The county maintains that the security firm — South Florida's version of Blackwater — failed to post guards at certain Metrorail stops and billed the county for it anyway. An initial audit, performed in 2008, estimated Wackenhut had billed Miami-Dade $6.26 million for work it didn't perform. That number was later revised to $3.4 million.

The county wants that money back, and what's more, Burgess has already said he plans to terminate the county's 20-year contract with the company. That deal, which pays Wackenhut an estimated $17 million a year, is set to expire in November.

Wackenhut counters that the county-hired auditor used "fatally flawed" methods to come up with the $3.4 million figure. At last Wednesday's press conference, Levine denied any systematic overbilling and said if the county gives the security contract to a new firm, it could spell trouble for mass transit riders. Why?
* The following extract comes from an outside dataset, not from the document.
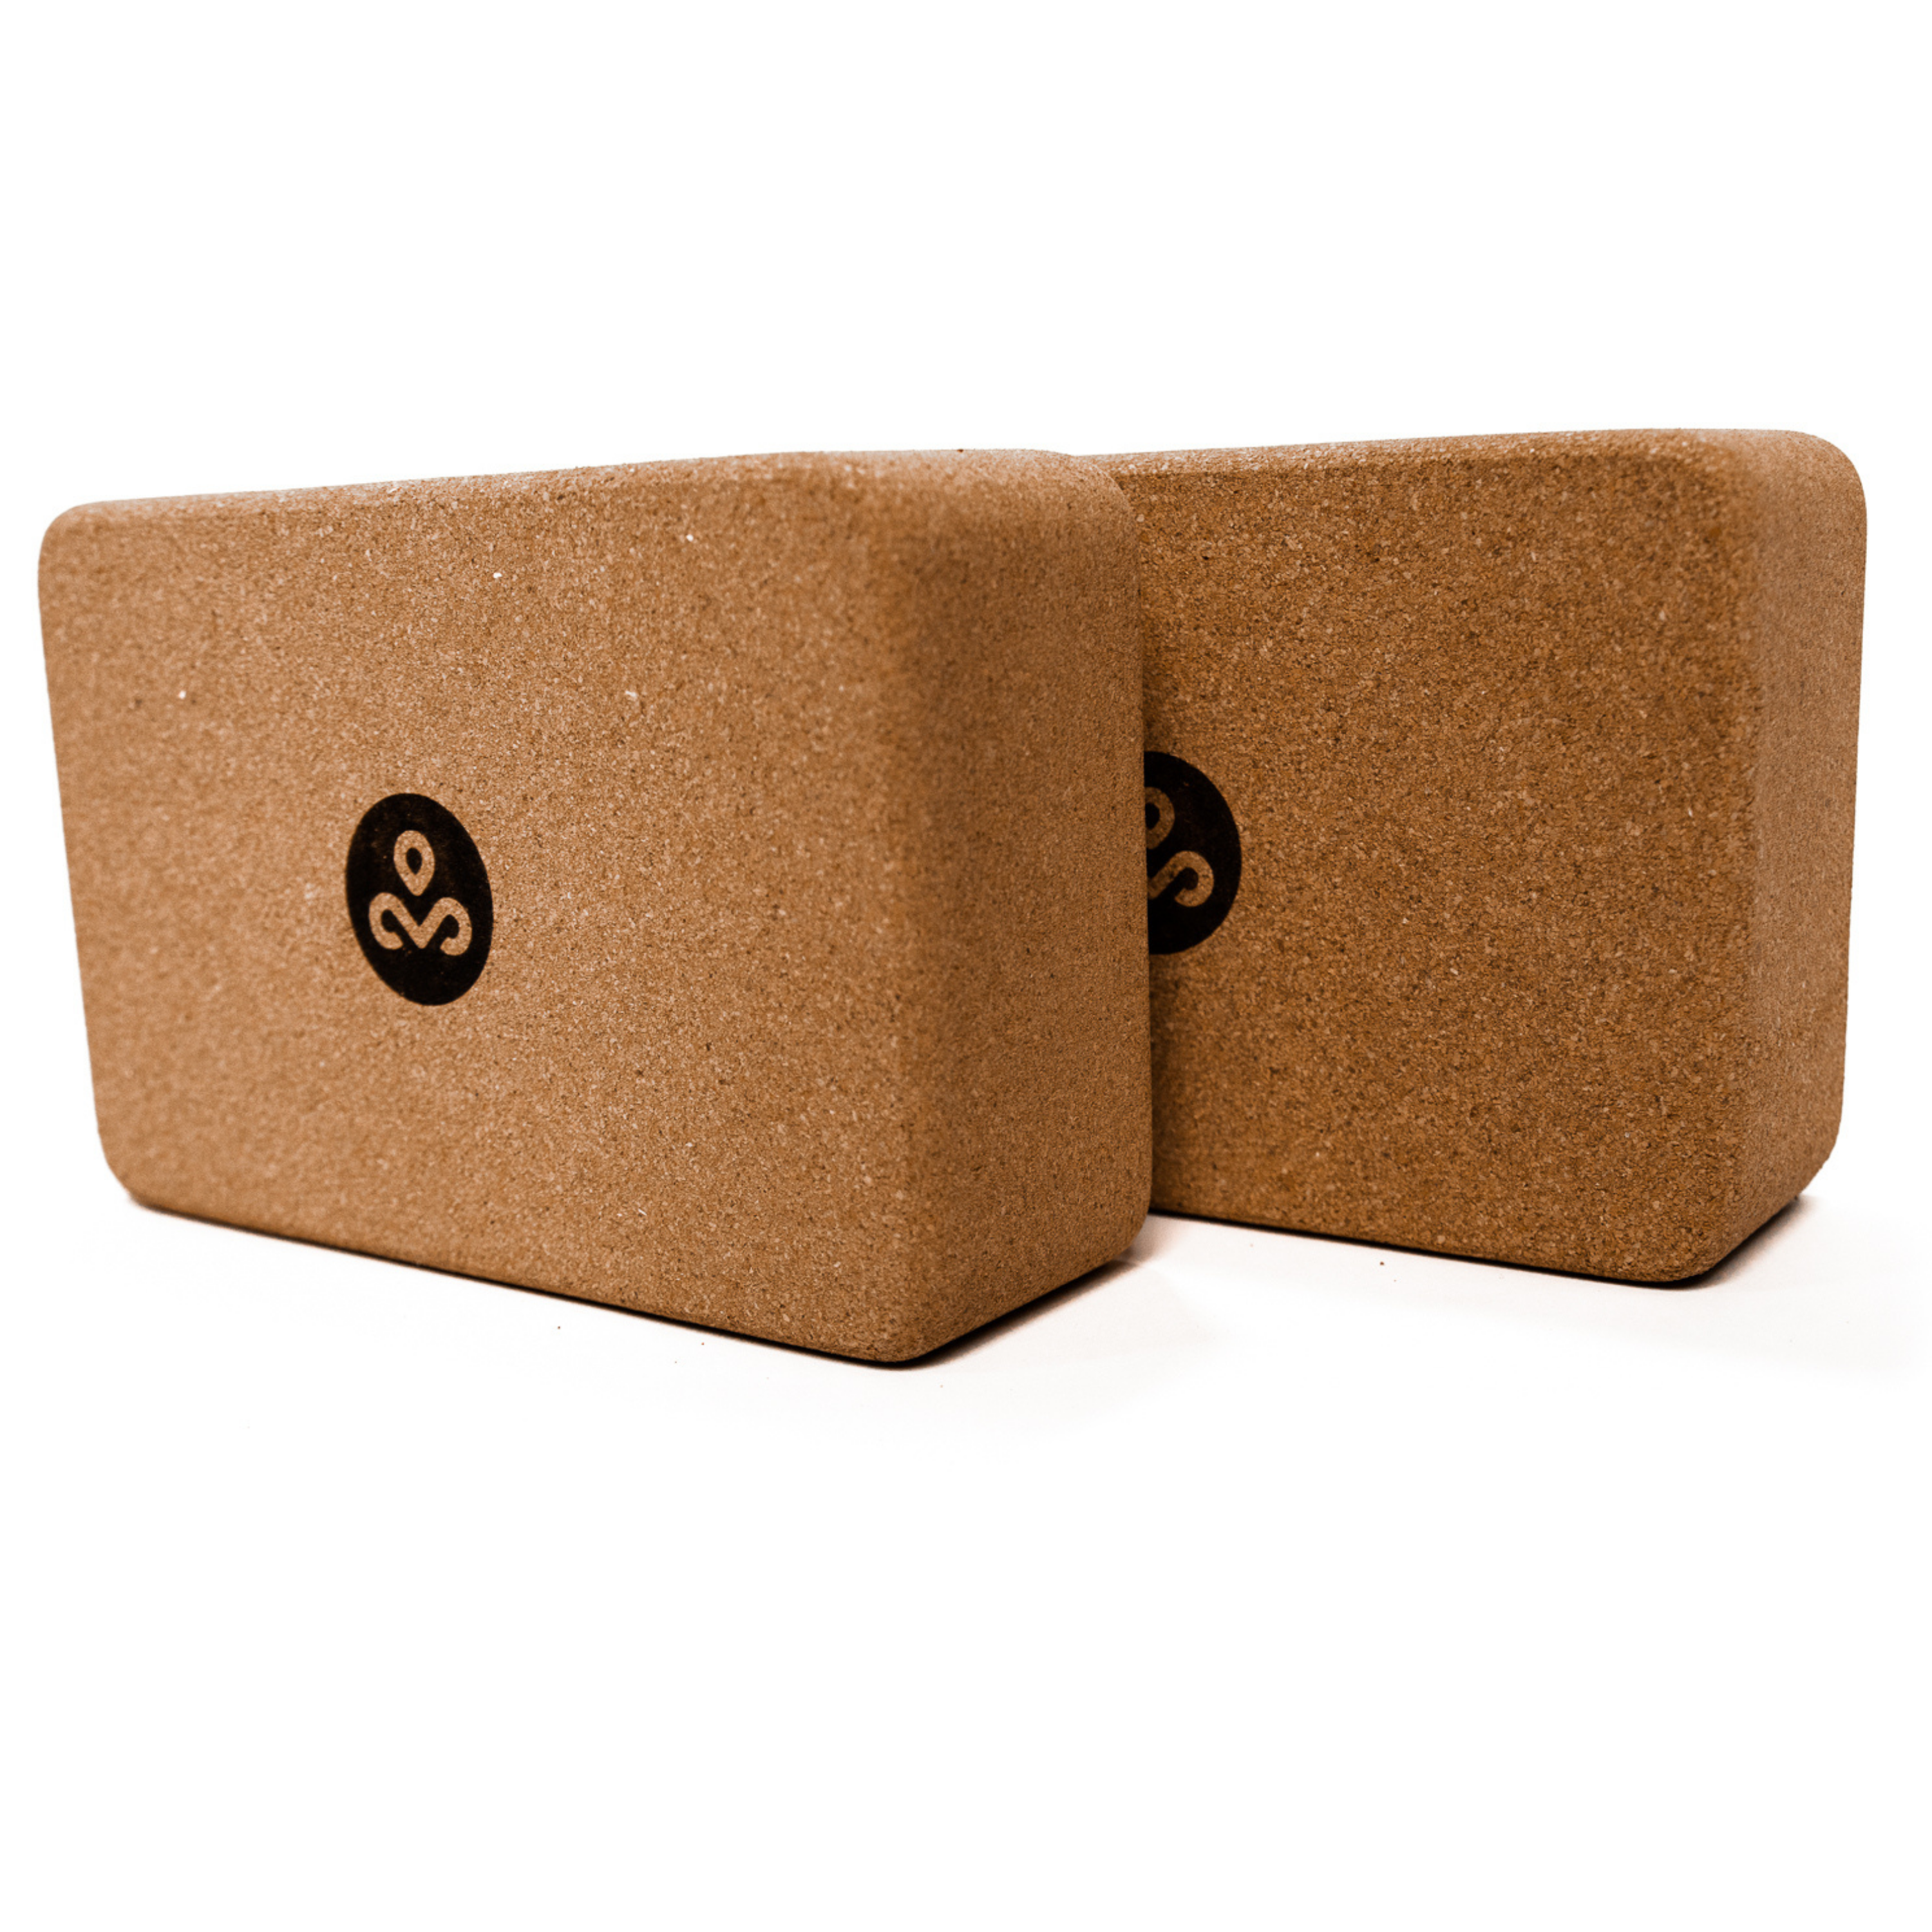 Manduka Yoga Block 4 x 6 x 9 (Pack of 2), Cork 2-pack

Because, according to Levine, competitors have a less rigorous hiring practice than Wackenhut, which allows only former military or law enforcement personnel to work as guards.

Regardless, it seems Wackenhut's decades-long relationship with the county is nearing an end. Besides the Metrorail contract, the county is also looking to find a replacement for Wackenhut at Miami-Dade Juvenile Services and at the Public Works Department.

The county stands by its audit.

"The taxpayers were overbilled. We want to be made whole," says county spokeswoman Victoria Mallette. "It would be irresponsible for us to continue doing business with an entity that we believe has overbilled us."